Why is every finitely generated field over $k$ not a finite type $k$-algebra?

A field extension $k\subseteq F$ is finitely generated if there exist $\alpha_a,\alpha_2,\dots,\alpha_n\in F$ such that $$F=k(\alpha_1)(\alpha_2)\dots(\alpha_n)$$ This is not the same as saying $F$ is a finite type $k$-Algebra. What if $\alpha_i$ is transcendental for some $i\in\{1,2,3\dots,n\}$?

Why is $F$ not a finite type $k$-Algebra? Isn't $F=k[\alpha_1,\alpha_2\dots,\alpha_n]$?

• I think you meant to ask why "not every [...] is [...]" that is why there are some that are not. – quid Jan 18 '16 at 2:45

The element $\alpha^{-1}$ is contained in $k(\alpha)$ basically by definition. (Excluding the degenerate case $\alpha=0$.) As the notation $k(\alpha)$ means the smallest field containing $k$ and $\alpha$.

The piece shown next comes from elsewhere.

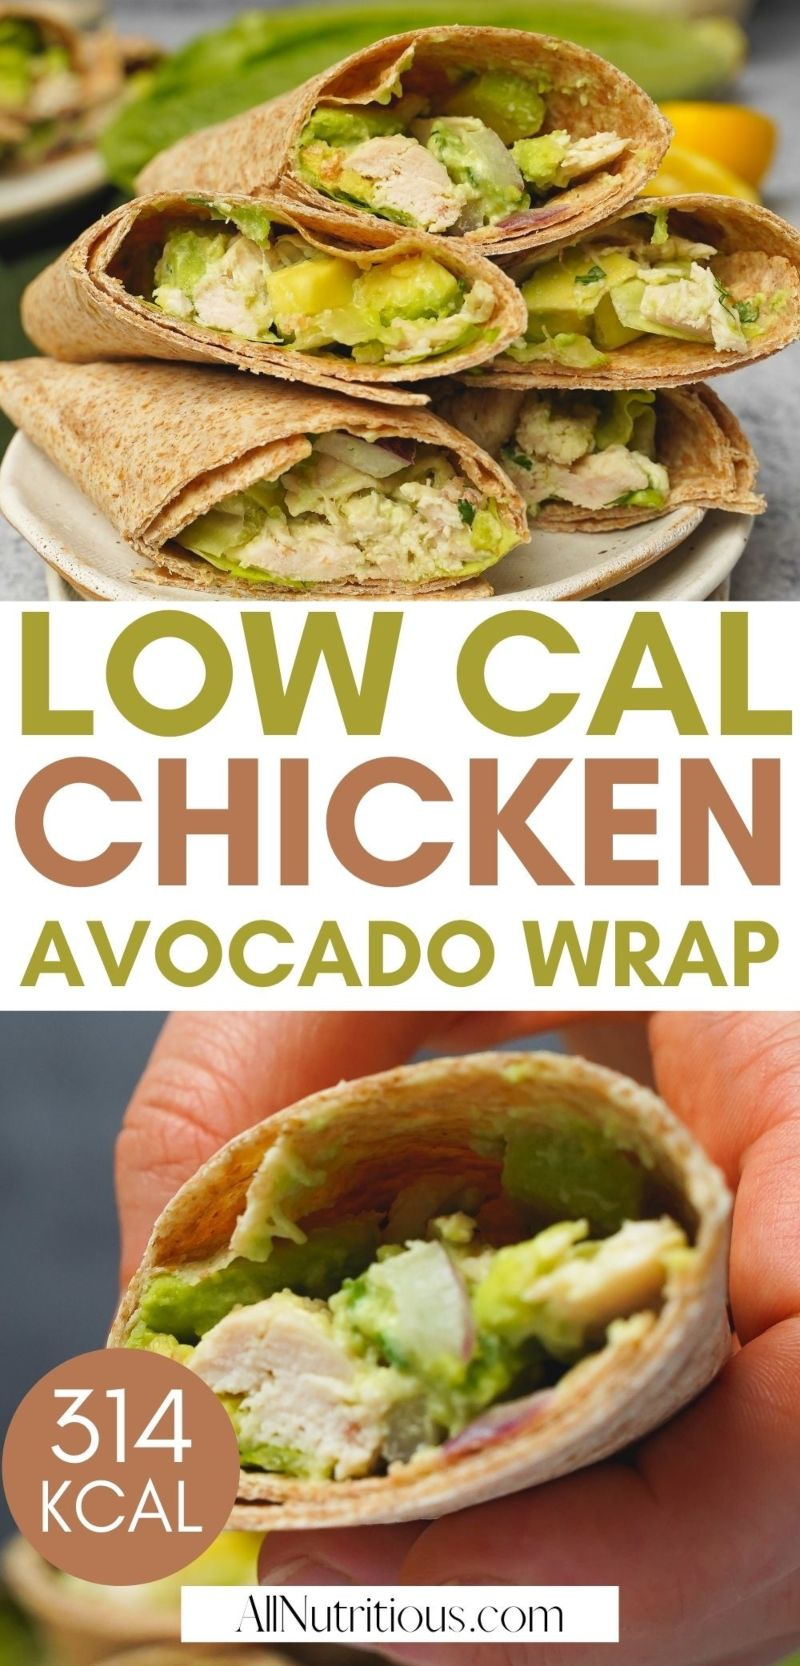 low cal chicken avocado wrap

By contrast $k[\alpha]$ may well not contain $\alpha^{-1}$, informally as it is formed by the elements one gets plugging $\alpha$ into a polynomial with coefficients in $k$.

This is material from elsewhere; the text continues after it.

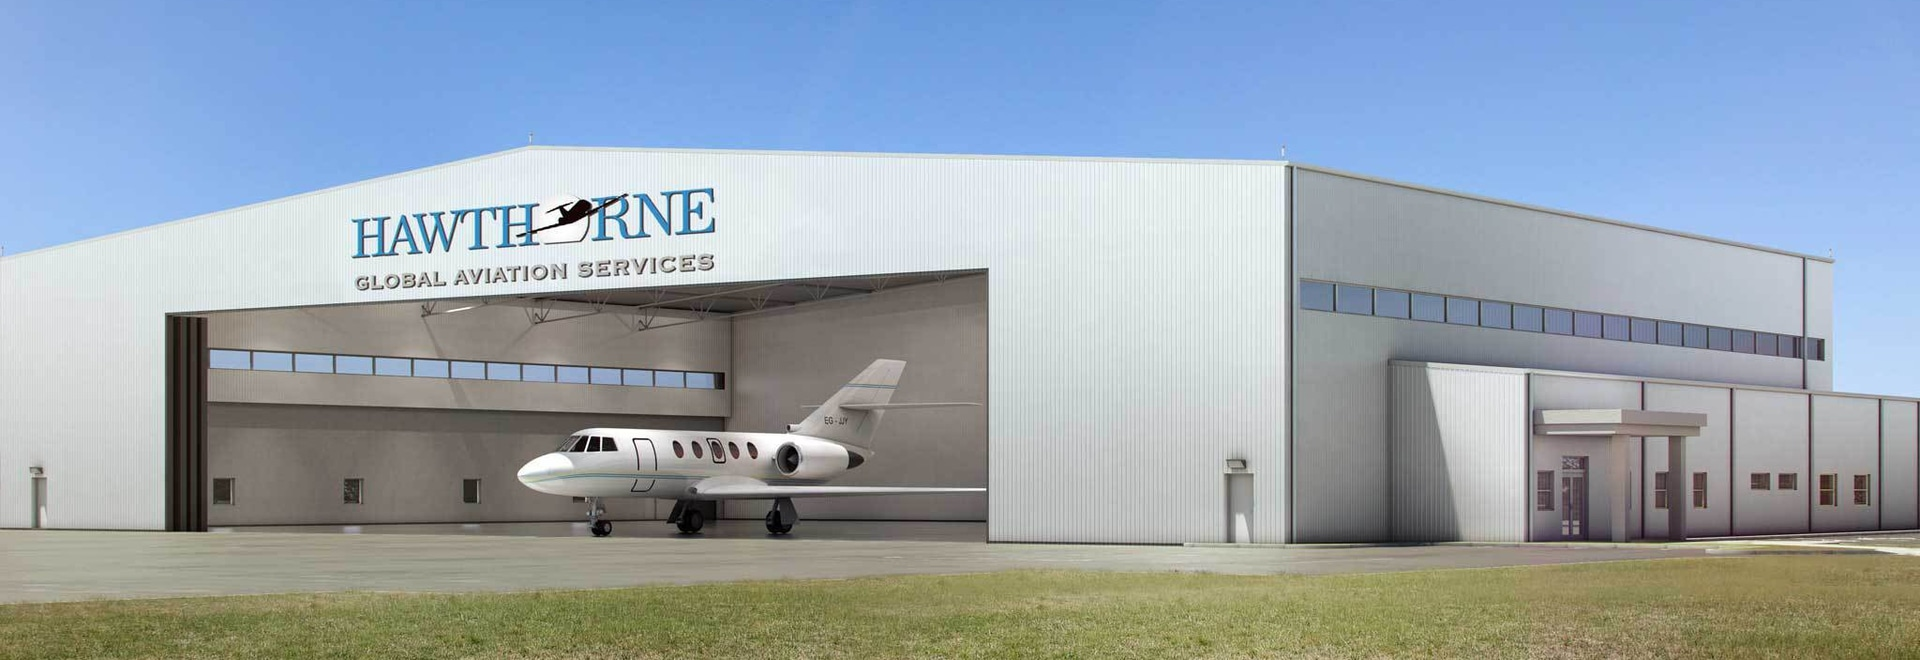 Long Island FBO To Add New Hangar

If $\alpha$ is algebraic the two happen to coincide but this is a result that needs to be proved. And the converse holds as well.

In case you actually want a proof that they are not equal for transcendental elements, rather than just the plausibility argument I gave above, then show that $\alpha^{-1}$ is actually not a polynomial expression in $\alpha$ by assuming the converse and deriving that $\alpha$ would be a root of a polynomial.

• I have a further question, and it would be great if you could resolve it. The Nullstellensatz says "Let $K\subseteq F$ be a field extension, and assume that $F$ is a finite type $k$-algebra. Then $k$ is a finite (and hence algebraic) extension." Is this not obvious? If $F=k[\alpha_1,\alpha_2,\dots,\alpha_n]$, then we can just re-write $F$ as $k(\alpha_1,\alpha_2,\dots,\alpha_n)$. – fierydemon Jan 18 '16 at 2:58
• Why is the Nullstellensatz a non-trivial statement then? – fierydemon Jan 18 '16 at 2:59
• A finite field extension is not the same thing as a finitely generated field extensions. An estension $F$ over $k$ is called a finite extension if $[F:k]$ is finite, this is the dim of $F$ as a $k$-vector space, that is in this case it is even fin gen as a vector space not just as field. – quid Jan 18 '16 at 3:02

If $t$ is transcendental, $k(t)$ is finitely generated as a field extension of $k$, but it's not finitely generated as a $k$-algebra (if $k$ is too large). In fact if $k$ is uncountable, then the dimension of $k(t)$ as a vector space over $k$ is uncountable, whereas the dimension of a finitely generated $k$-algebra as a vector space over $K$ is at most countable (exercise). This observation can actually be used to prove special cases of the Nullstellensatz.